While these customers range through all ages, Grady acknowledges that he sees more young couples and young families today than in years past, as well as more customers in the Tucson area with active lifestyles that gravitate more toward toy haulers and fifth wheels.

Staying Tech-Savvy

Another evolution of the RV industry relates directly to the growing impact of technology.

Lazydays is counting on its parts and service departments to help propel its growth in the Arizona market. The company is looking to replicate the success of its Florida mega-dealership, which is the largest single-site RV dealership in the world.

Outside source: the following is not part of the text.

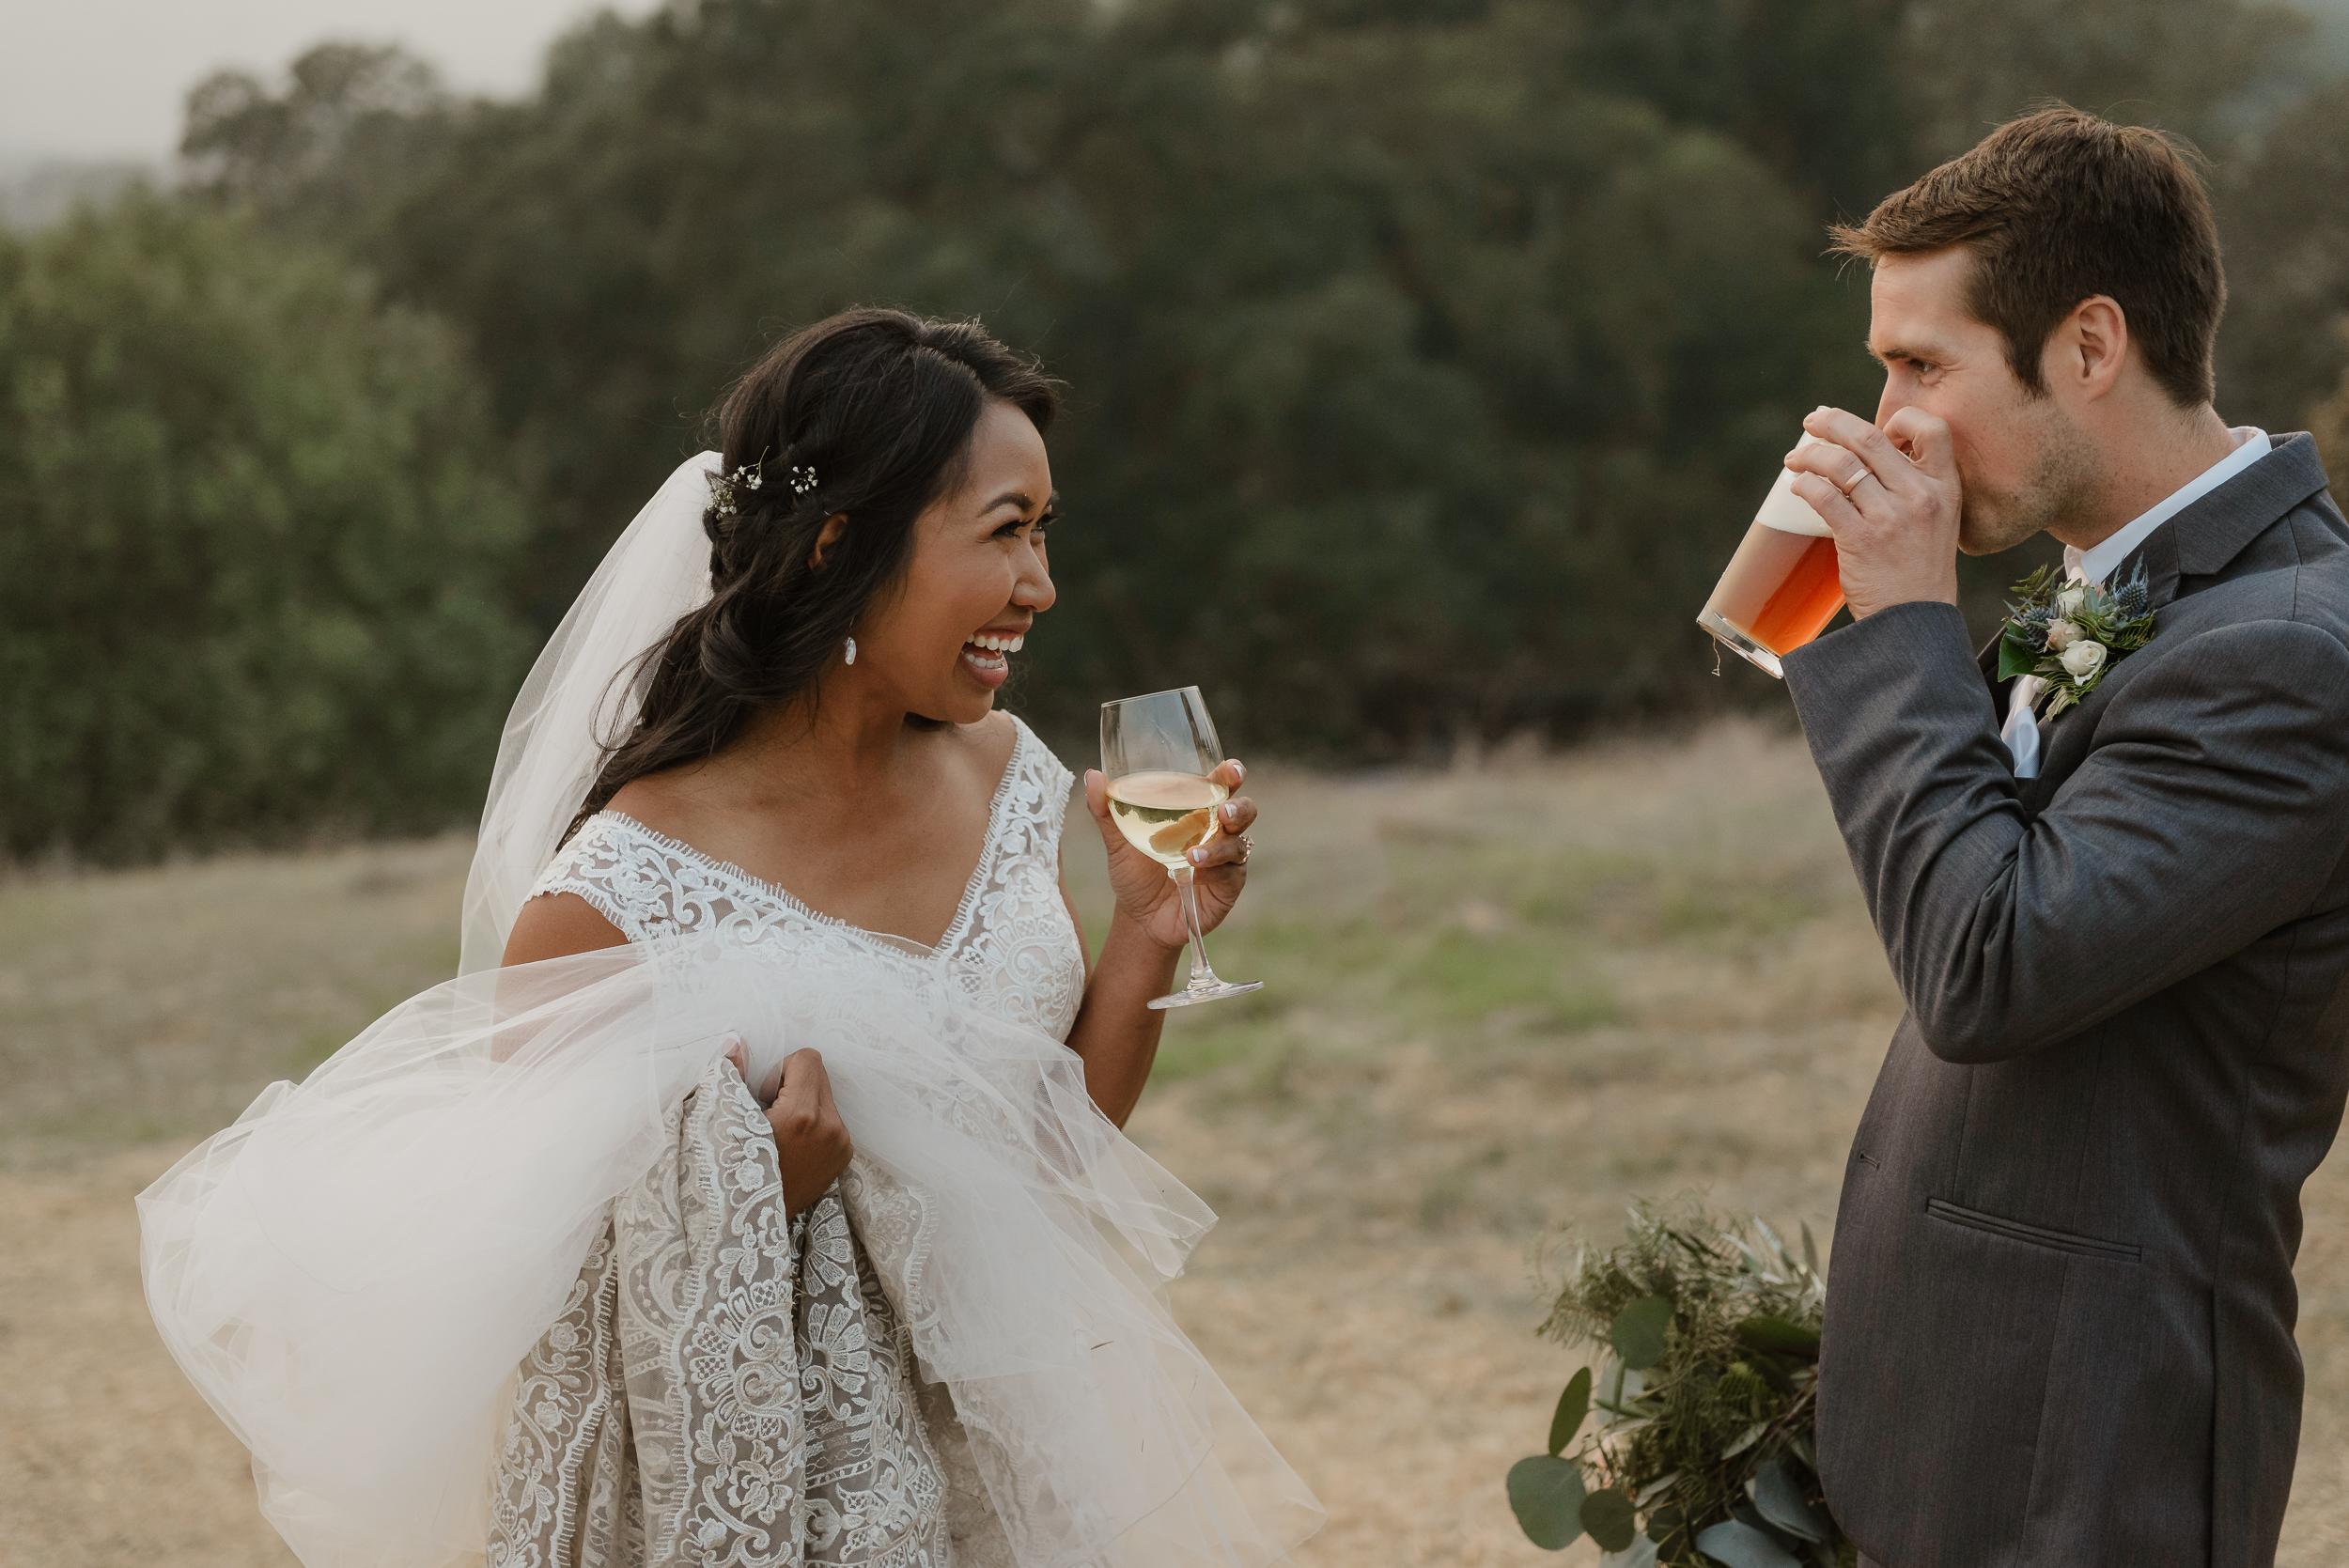 077marin-petaluma-backyard-wedding-vivianchen-530.jpg
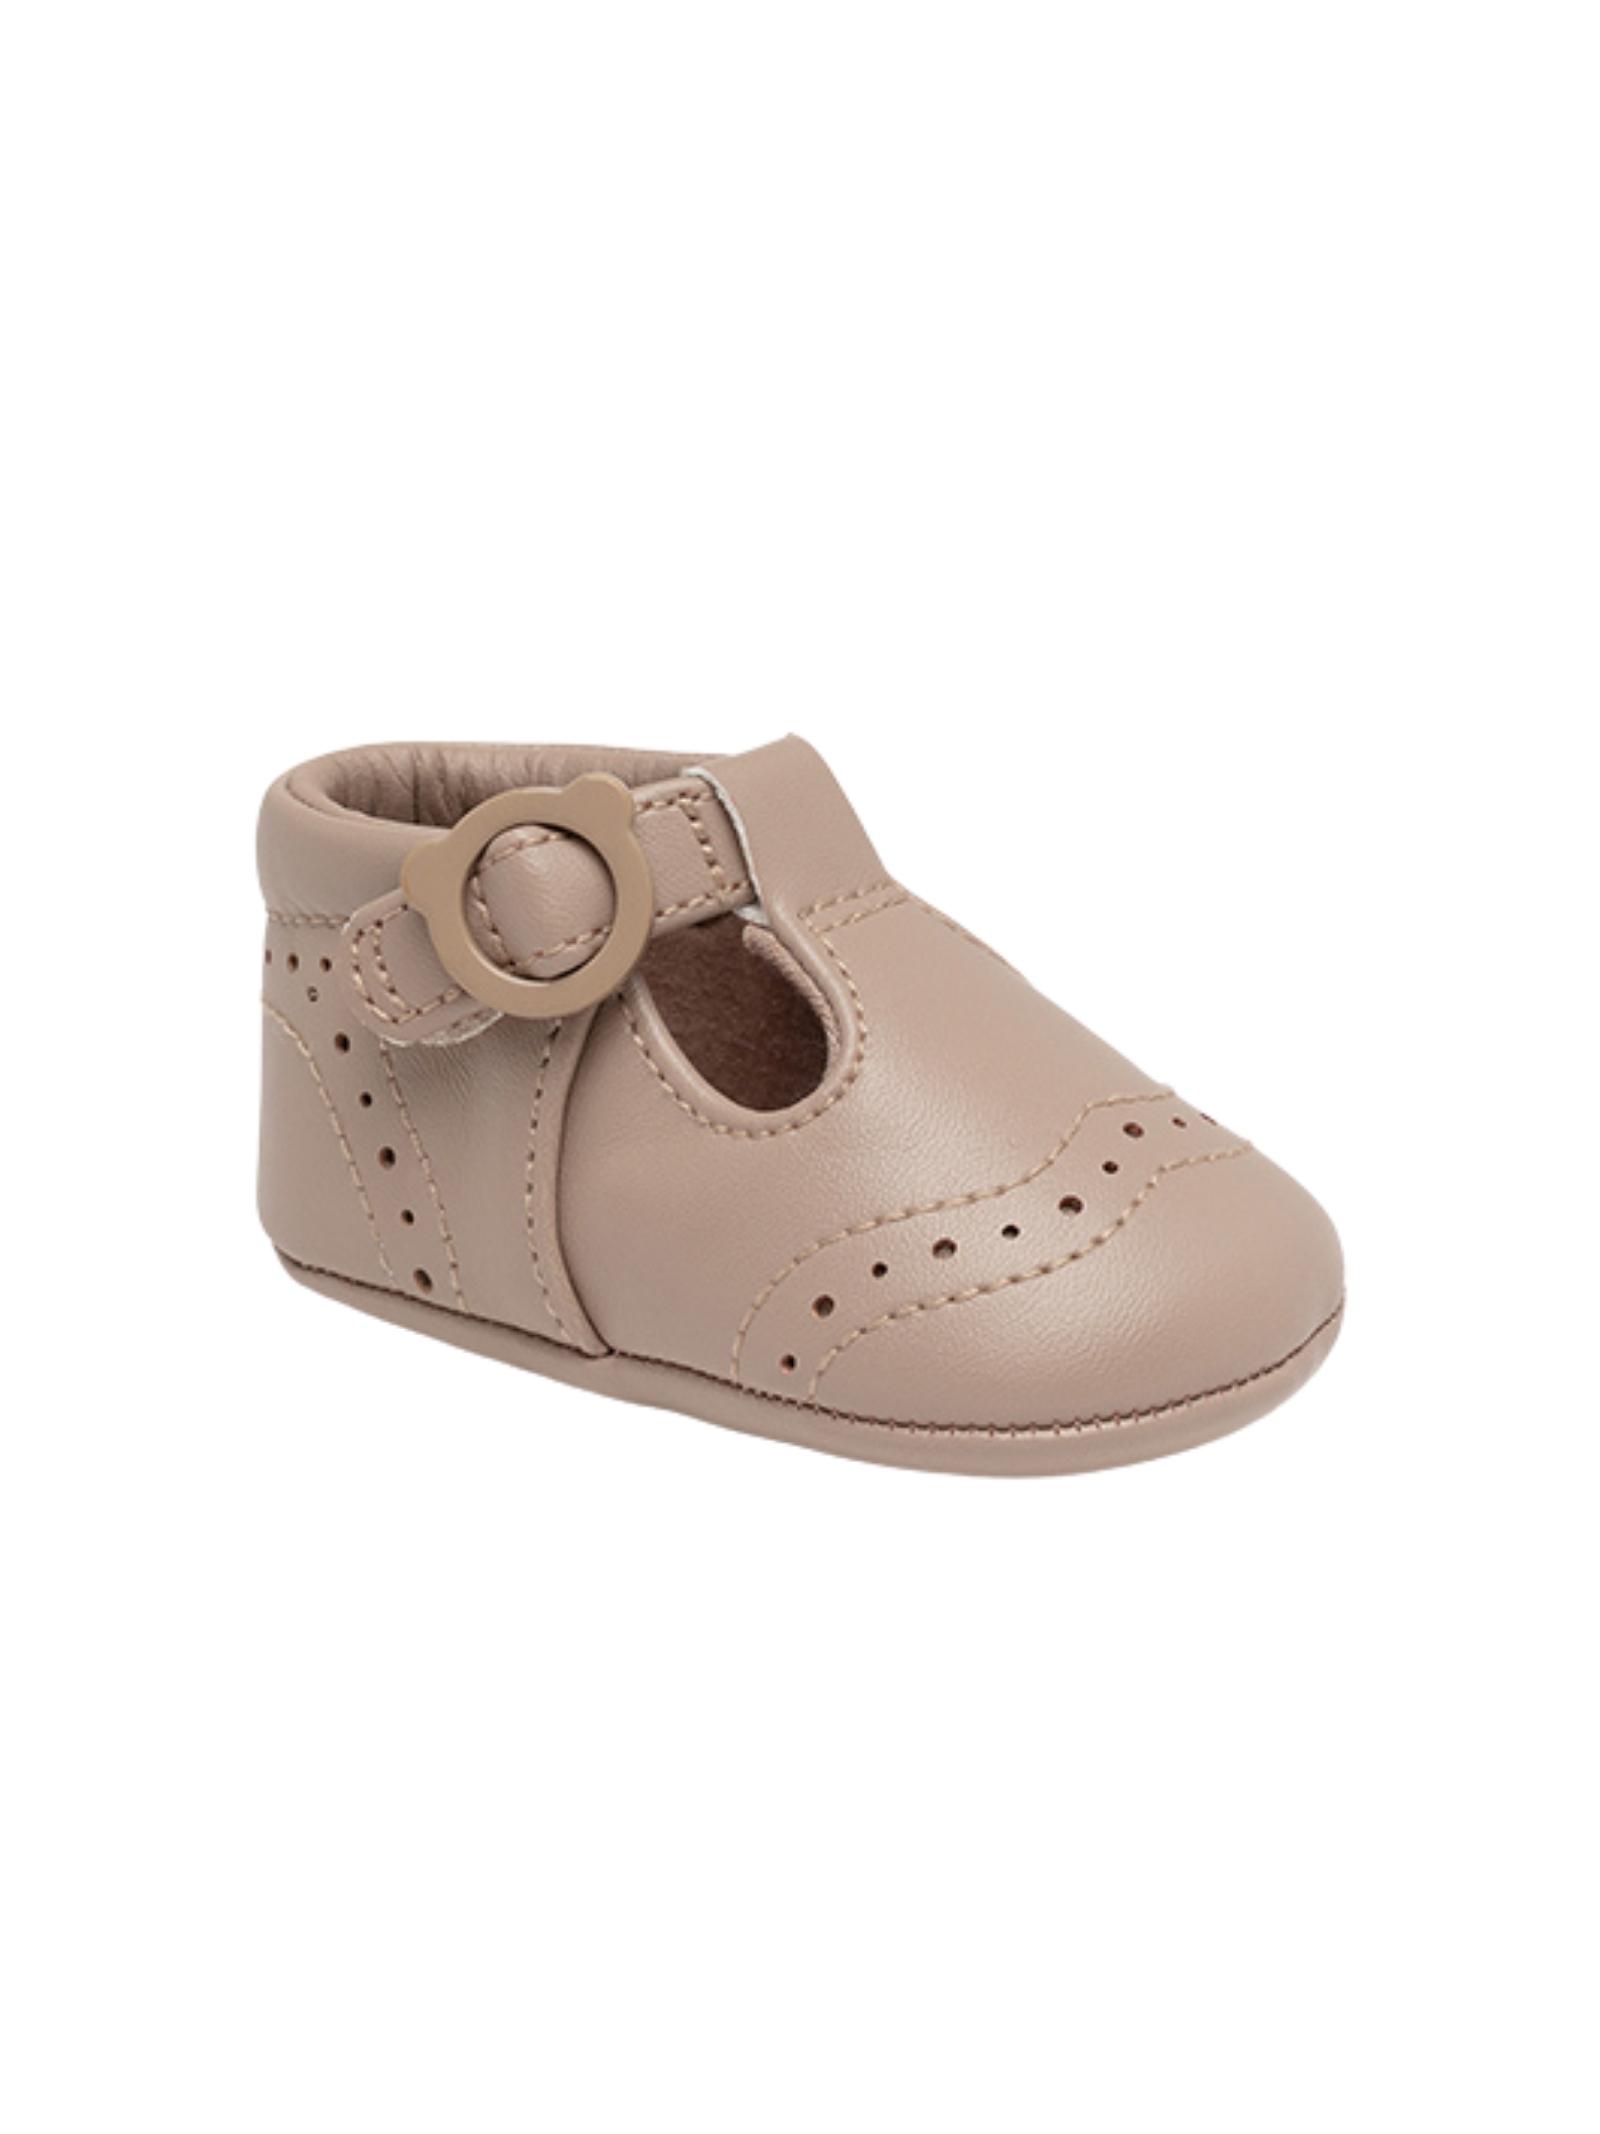 Inglesina Newborn shoes MAYORAL NEWBORN | Shoes | 9447041

“Growth in use of the Internet, of course, is the most profound change (in the industry), he says. “Lazydays web presence has been a strength for years and we continue to grow our capabilities in all areas of the Internet, especially social media.

“Consumers have never been more knowledgeable before they come to the dealership, which actually helps us,” he adds. “A big part of creating a great customer experience is ensuring our customers are as educated as possible about their RV and the RV lifestyle. As customers are coming to us better informed, we have more time to move beyond the basics and demonstrate the many ways in which Lazydays provides extra value to our customers.”

While the company still utilizes traditional media like industry publications and newspapers, as well as television, billboard and radio spots; it also employs branded websites like its own Lazydays and BetterRVing websites and its BetterRVing magazine.

What remains the same, however, is the core experience of the customers. That, Grady says, will always mean the same thing:

“What is no different today is the pure joy our customers find in their RV journey,” he adds. “That is universal and is what keeps us excited.”